[Records]
......
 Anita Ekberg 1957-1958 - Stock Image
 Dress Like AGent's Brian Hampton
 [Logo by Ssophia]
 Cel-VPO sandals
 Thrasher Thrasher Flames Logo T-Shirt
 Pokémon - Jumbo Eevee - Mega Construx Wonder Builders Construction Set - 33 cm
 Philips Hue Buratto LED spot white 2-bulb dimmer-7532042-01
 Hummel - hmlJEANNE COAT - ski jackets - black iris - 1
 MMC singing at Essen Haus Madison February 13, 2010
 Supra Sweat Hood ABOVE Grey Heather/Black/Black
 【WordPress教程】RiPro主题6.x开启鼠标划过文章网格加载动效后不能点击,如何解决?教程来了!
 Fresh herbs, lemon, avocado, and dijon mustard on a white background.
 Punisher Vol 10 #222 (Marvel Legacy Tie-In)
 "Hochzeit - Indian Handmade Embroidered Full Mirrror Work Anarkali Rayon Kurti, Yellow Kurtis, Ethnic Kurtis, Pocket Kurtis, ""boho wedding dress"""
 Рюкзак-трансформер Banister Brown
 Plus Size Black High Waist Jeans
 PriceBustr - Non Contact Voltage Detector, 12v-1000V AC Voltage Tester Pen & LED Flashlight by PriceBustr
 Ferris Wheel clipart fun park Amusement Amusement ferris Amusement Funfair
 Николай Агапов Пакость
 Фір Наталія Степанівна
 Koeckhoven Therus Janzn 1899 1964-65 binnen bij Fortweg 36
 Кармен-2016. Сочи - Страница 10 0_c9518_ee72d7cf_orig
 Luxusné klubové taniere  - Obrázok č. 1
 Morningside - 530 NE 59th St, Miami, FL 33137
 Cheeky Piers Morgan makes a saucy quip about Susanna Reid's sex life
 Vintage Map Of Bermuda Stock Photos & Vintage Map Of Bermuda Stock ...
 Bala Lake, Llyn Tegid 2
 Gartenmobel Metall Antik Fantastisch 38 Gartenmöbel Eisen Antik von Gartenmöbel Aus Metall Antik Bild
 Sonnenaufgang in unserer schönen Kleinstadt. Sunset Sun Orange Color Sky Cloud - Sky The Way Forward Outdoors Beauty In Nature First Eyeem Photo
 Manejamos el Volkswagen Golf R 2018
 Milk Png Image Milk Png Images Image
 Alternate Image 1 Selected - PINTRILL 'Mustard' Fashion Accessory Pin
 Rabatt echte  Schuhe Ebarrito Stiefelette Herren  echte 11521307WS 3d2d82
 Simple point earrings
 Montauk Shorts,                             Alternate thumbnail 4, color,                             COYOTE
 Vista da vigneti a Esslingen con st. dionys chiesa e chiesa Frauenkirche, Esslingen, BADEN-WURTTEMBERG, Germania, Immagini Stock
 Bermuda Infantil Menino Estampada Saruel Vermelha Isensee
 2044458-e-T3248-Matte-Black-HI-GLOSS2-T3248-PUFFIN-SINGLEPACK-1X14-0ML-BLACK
......
[Task brief]
From the entries above, collect every line with the string "Bermuda" in it.

[Answer below]
 Vintage Map Of Bermuda Stock Photos & Vintage Map Of Bermuda Stock ...
 Bermuda Infantil Menino Estampada Saruel Vermelha Isensee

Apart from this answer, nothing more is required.